Act as the primary point of escalation for Level 1 analysts for complex security events and potential incidents.
Perform in-depth investigation and analysis of security alerts using SIEM, EDR and other security tools.
Lead the response to confirmed security incidents, including containment, eradication, and recovery efforts.
Conduct advanced threat hunting to identify indicators of compromise (IOCs) and tactics, techniques, and procedures (TTPs) that evade traditional detection methods.
Perform detailed analysis of malware and attacker tools.
Team Management & Mentorship
Provide daily guidance, supervision, and technical direction to a team of Level 1 SOC Analysts.
Develop and execute a formal training and mentorship program to groom Level 1 analysts into proficient Level 2 analysts.

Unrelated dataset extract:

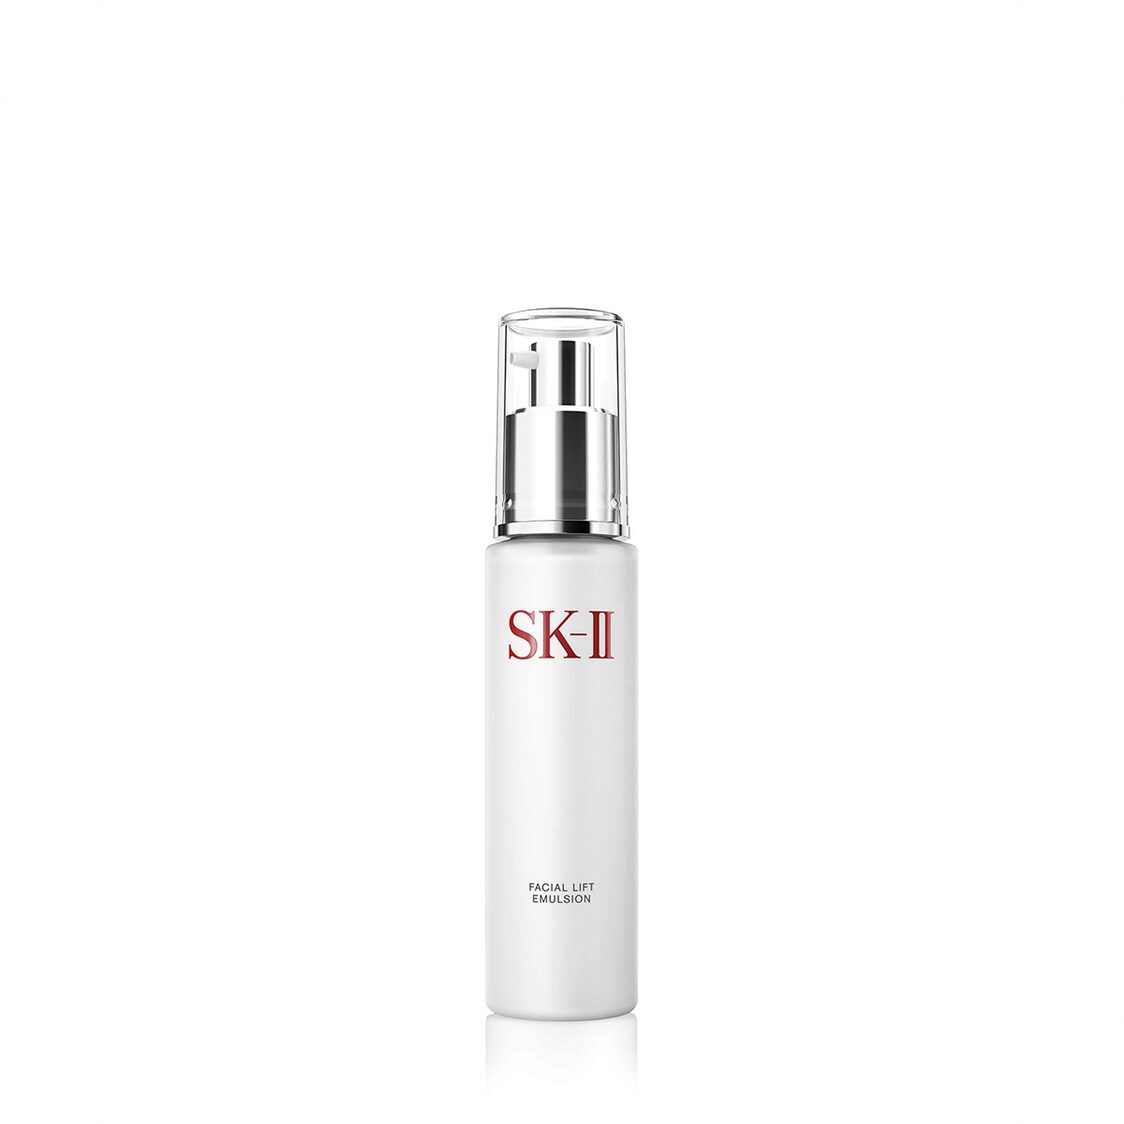 SK-II Facial Lift Emulsion 100g

Work with the team-lead to create and review shift schedules to ensure 24/7 coverage.
Foster a collaborative, knowledge-sharing, and high-performance team culture.
Conduct regular performance reviews and provide constructive feedback.
Process Improvement & Documentation
Develop, refine, and document SOC standard operating procedures (SOPs), playbooks, and runbooks for alert triage and incident response.
Analyze alert trends and false positives to provide feedback for tuning SIEM rules, use cases, and correlation logic.
Assist the SOC Manager in evaluating new security technologies and tools.
Contribute to the creation of detailed incident reports for management and clients.